#MKRCookie Recipe

There is a quiet joy in opening a new box of cookies to reveal the perfect specimen. Its un-crumbled scalloped top, the even more ornate bottom. Its percisely contained jelly center, topped with just the right amount of sugar. And most importantly, an even layer of light cream holding it all together. It is in honour of these perfect cookies that I've put together the following recipe for everyone to enjoy at home. I invite you to try your hand at making your own cookie following my instructions or substituting your own ingredients and techniques. And please share your results.

Ingredients

Yields one 9.5" cookie

Cookie

1 1/2" thick clear pine board. At least 12" wide by 3' long

1/2 teaspoon of natural wood stain

 

Jelly

1/8" sheet of PET plastic. At least 10" x 10"

8 tablespoons of polyester resin

2/3 teaspoons of red pigment

1 teaspoon of methylene chloride

 

 

Cream Filling

1 square foot of 1" upohlstery foam

2" x 14" white velour stretch fabric

20" of 1" wide adhesive-back velcro

White cotton thread

 

Directions

Cookie

  1. Download the #MKRCookie model in parts and set up the Cookie top, bottom and jelly on your CNC-mill software. Add tabs to the parts as needed.

  2. Secure pine plank down on your machining table and run job.

  3. Once done, carefully cut tabs off cookie, freeing it from the extra material.

  4. Sand cookie components. If you are abe to get a fine final pass on the CNC you may only need light sanding and a clean-up where the tabs were.

  5. Dust off cookie components and apply wood finish as per product instructions.

 

 

Jelly

  1. Use the Jelly model that you machined out along with your cookie top and bottom to make a PET vaccum-formed mould.

  2. Prepare your resin with pigment and accelerant as per product instructions.

  3. Cast resin in your PET Jelly mould and let it set (approx. 48 hrs)

  4. Once set, cut out your Jelly from the PET sheet leaving a large enough lip to secure it to the top of the cookie.

  5. Take a scrap of left-over PET sheet and snadblast-it or sand it down on both sides.

  6. Cut the PET into thin strips and then into small cubes.
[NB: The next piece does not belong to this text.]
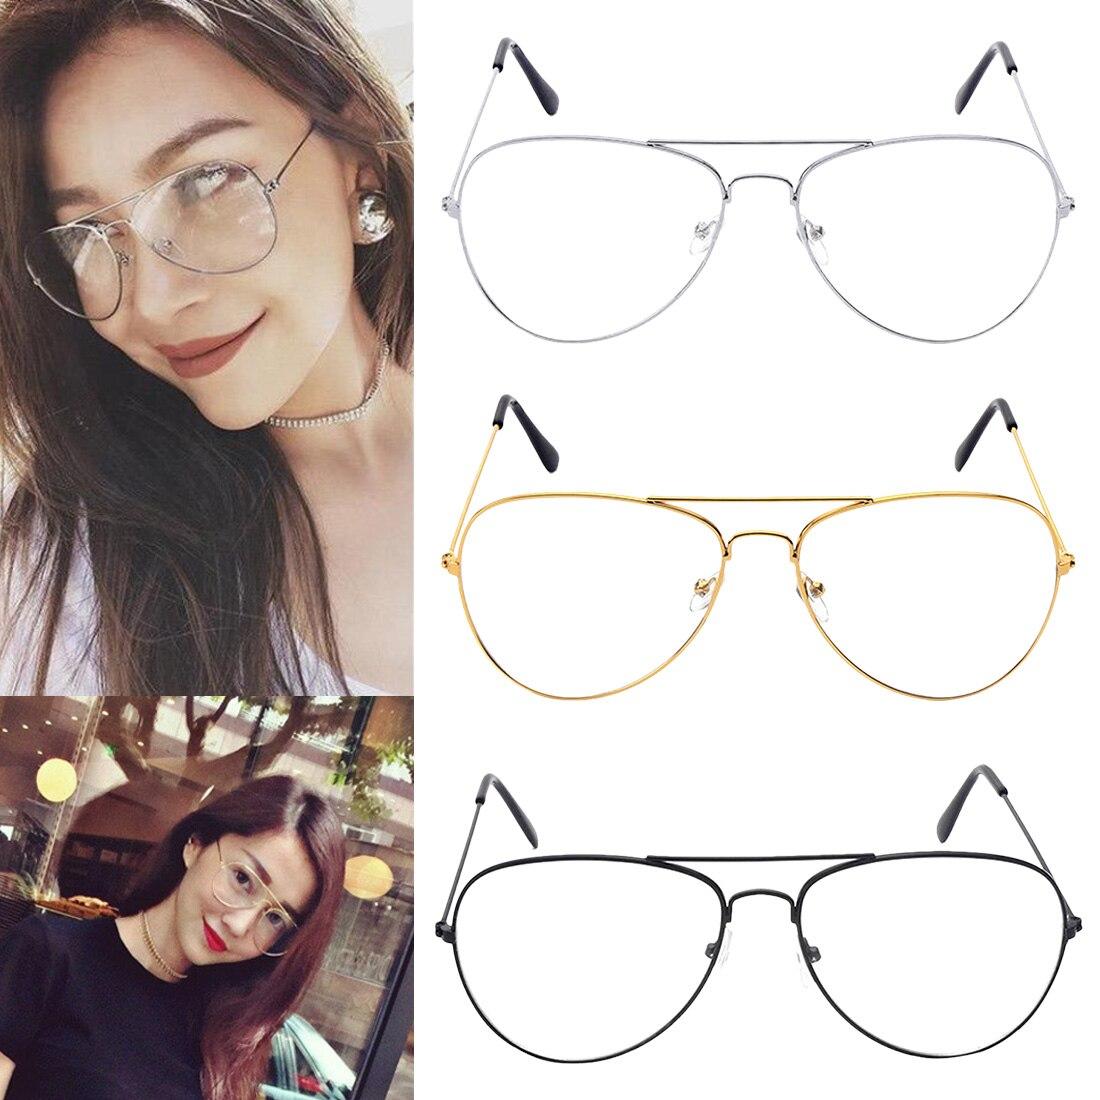 1 Pcs Große Mode Retro Metall Klare Linse Gläser Designer Tear Drop Rahmen Brillen De Oculos Feminino Lunette De Vue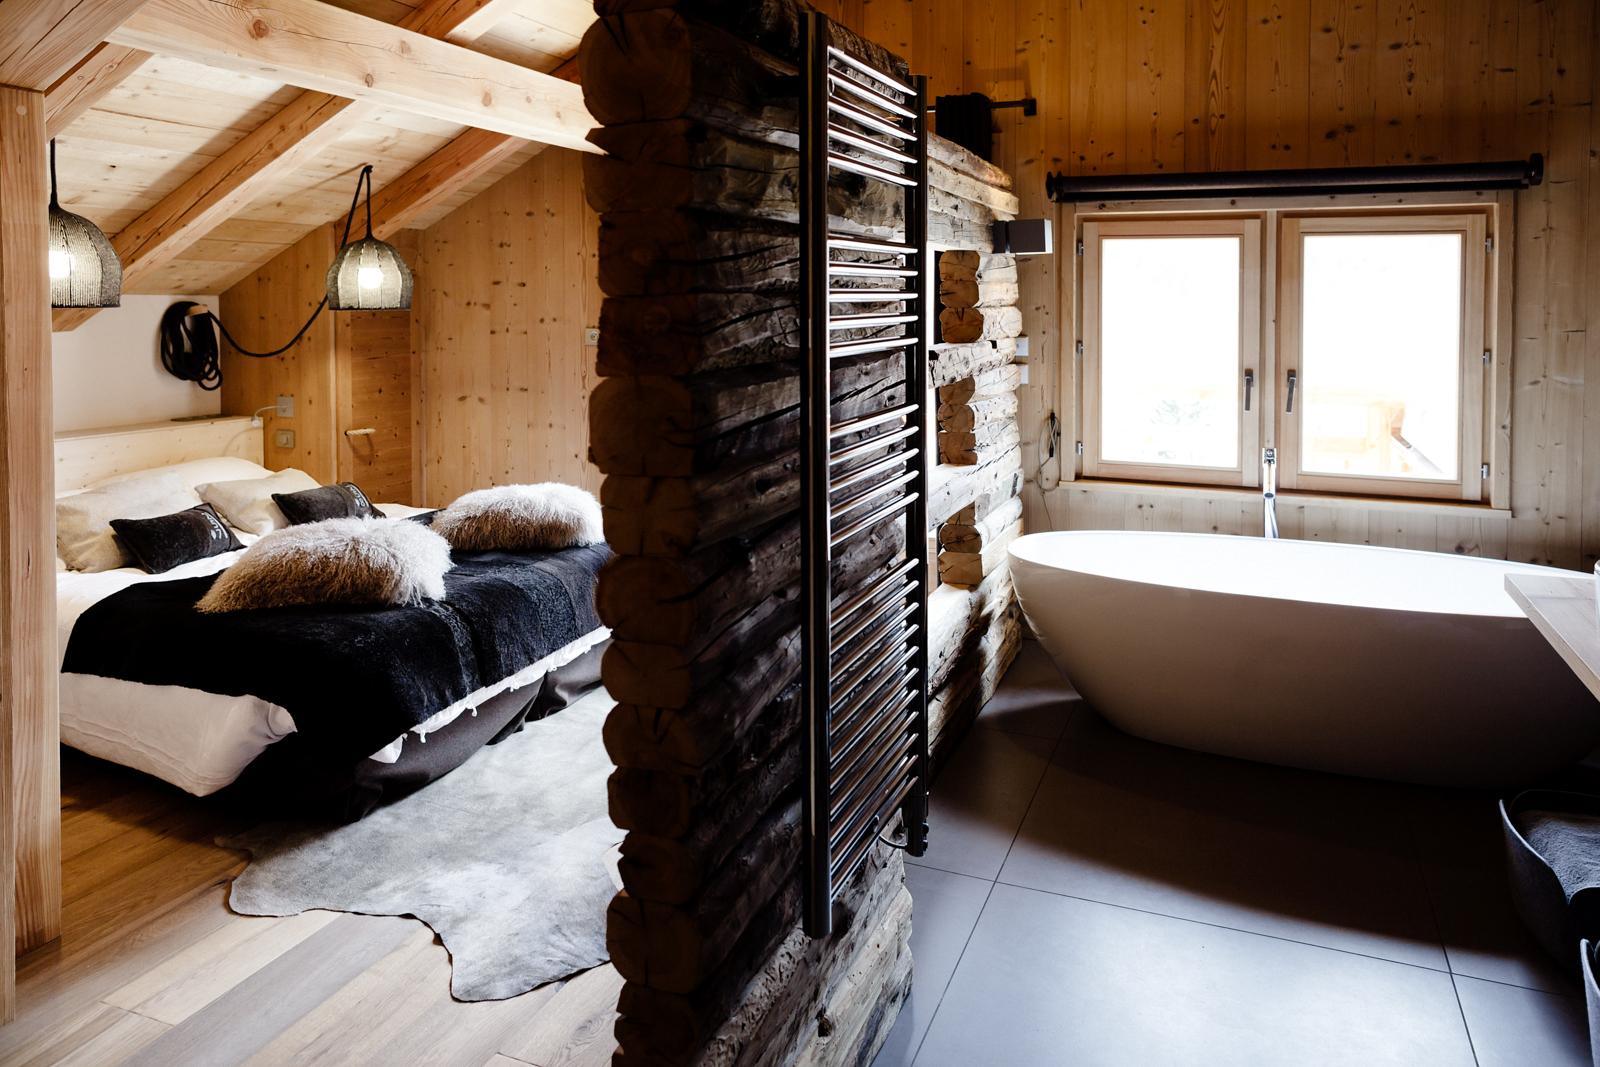 serre chevalier luxury chalet rentals ski slopes concierge services

These will become the sugar crystals.

  7. Once you have a decent amount of sugar cubes, attatch them to the top surface of your jelly using resin bond and a brush. This process works best if you attach them one at a time.

 

Cream Filling

  1. On your upostery foam: trace a 8 3/4" circle with a 7 1/2" circle inside it.

  2. Cut along the coutside of the large circle, and along the inside of the smaller circle, you will need to keep both the resulting ring and circle, be sure to cut with care.

  3. Once cut, you want to shape the ring by using sissors to cut away at the sharp eges.

  4. Use the white velour to wrap the foam ring. This process will finish rounding out the ring into a perfect soft cream. As you approach the end of the ring, double check the size of your ring onto your cookie. You can cut a piece off if it feels like the ring is too large, depending on how tightly you are sewing the fabric, it may result in some stretching of the foam.

  5. Place foam circle inside the fabric-wrapped-ring and cover both sides with a piece of fabric.

  6. Sew a few stiches around through the cookie cream to ensure the fabric is tightly secured to foam.

 

Assembly

  1. Slide jelly into cookie top. Here you may choose to add a couple of strong staples to secure it through the PET lip.

  2. If you want to secure cream to cookie, you can use hot glue, making sure not to get any on the underside of the jelly.

 

 

 

 

 

Techniques Used

 

CNC-Milling: Computer Numerical Controlled(CNC) milling is a process that uses a rotating cutting tool to machine into different materials. This process reads a 3D file and interprets it as a series of cuts.

 

Vacuum Forming: A process of using vacum pressure on heated plastic to create a shape. This process can be used to create quick one part moulds.

 

Sandblasting: Is a process that uses compressed air and fine sand particles, to etch into the surface of a material.

 

Casting: Creating an object by pouring a material into mould.